Originally Posted by
NRG
Ok I’ll try! It’s not easy…
C1 errors exist or are present on all disks to a certain degree so we have to live with them and correct them… they are small random bit errors. C2 errors are nastier and we don’t want any of them… they are larger burst errors.
All audio CD’s use Cross Interleaved Read-Solomon code (CIRC). It’s the fundamental encoding and error correction scheme used on CD. It consist of three levels, considered good enough for audio data but not good enough for computer data. Audio data that cannot be corrected via C2 correction can be interpolated or guessed. You can’t guess with computer data!
The three error correction levels are C1, C2 and interleaving of the data on the audio CD. IE: the CD is formatted in such away blocks of data are mixed up in a predefined manner to allow for reading of the disk if scratches / imperfections are present. Interleaving cannot correct for errors by itself it only allows you to recover sufficient data blocks for C1 and C2 to work.
C1 and C2 Error Correction Codes (ECC) are applied to the audio data during the mastering process of the CD IE: when interleaving the Audio Data prior to it being placed on the CD. They are used at different points of the de-interleaving process or playback of the Audio data, C1 first then C2.

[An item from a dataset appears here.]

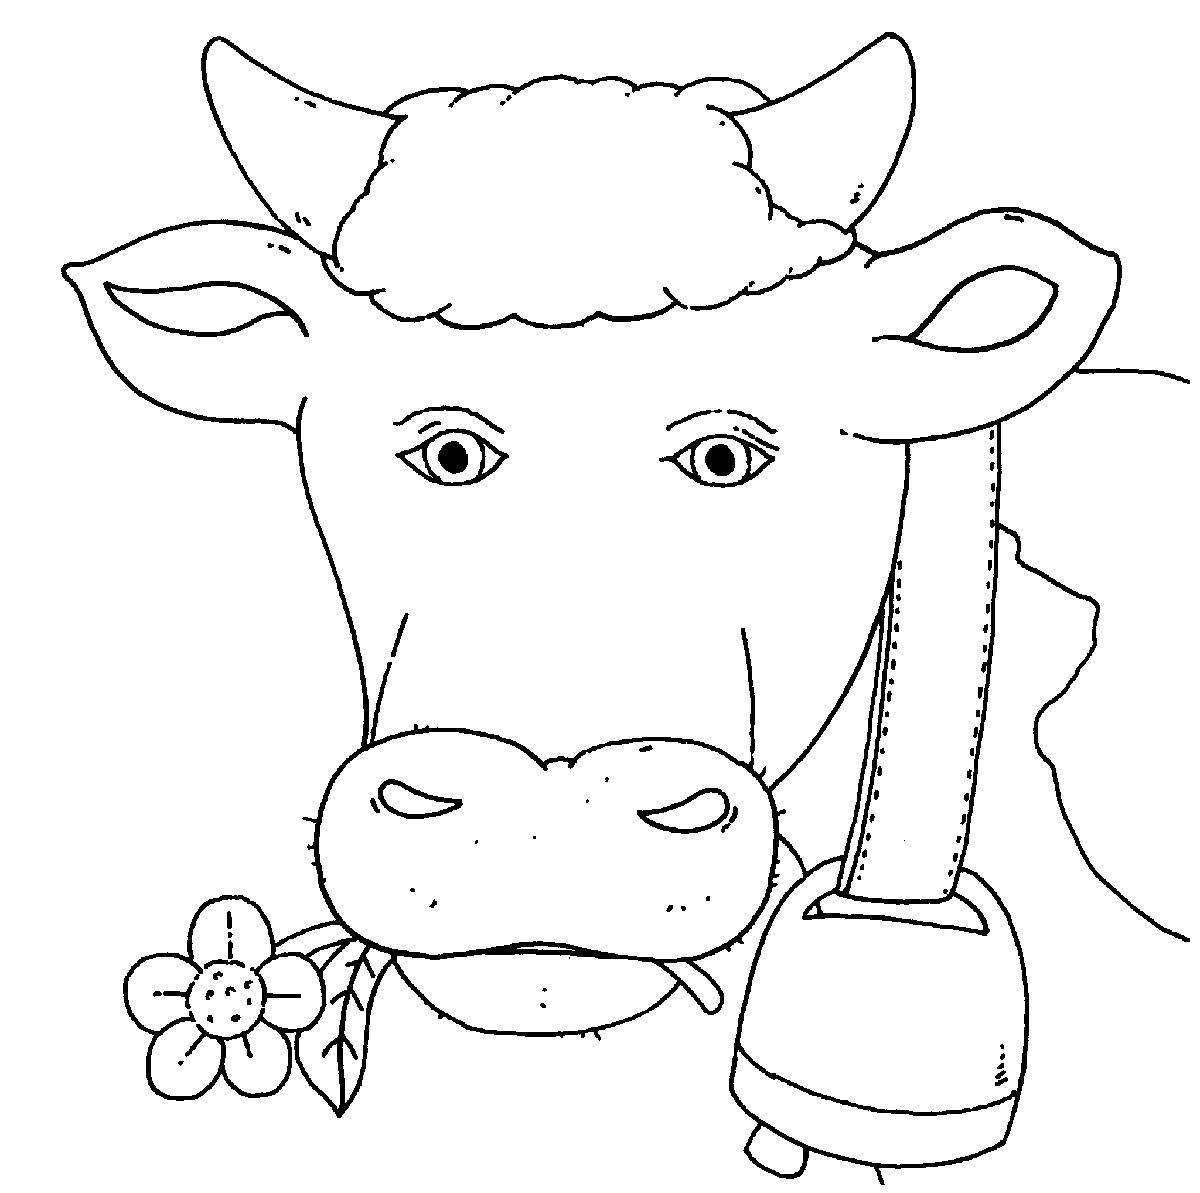 ausmalbild bauernhof: kuh mit glocke kostenlos ausdrucken

Now our Audio CD mechanism manufacture may only wish to implement the basic C1 (he has to implement CIRC otherwise he couldn’t read the disk!) and ignore C2 or he can spend a little more money and implement it fully.
However, there is also the physical quality of the mech. to consider. A cheap mech. with poor servos and supply regulation will produce an ‘eye pattern’ of the disk that is not clean (the optics need to track the CD as accurately as possible), this means any error correction scheme has to work harder to correct errors and as the resulting digital stream has to be created from a sinusoidal output from the laser jitter becomes a potential issue. Maybe it’s why you can notice differences in transports…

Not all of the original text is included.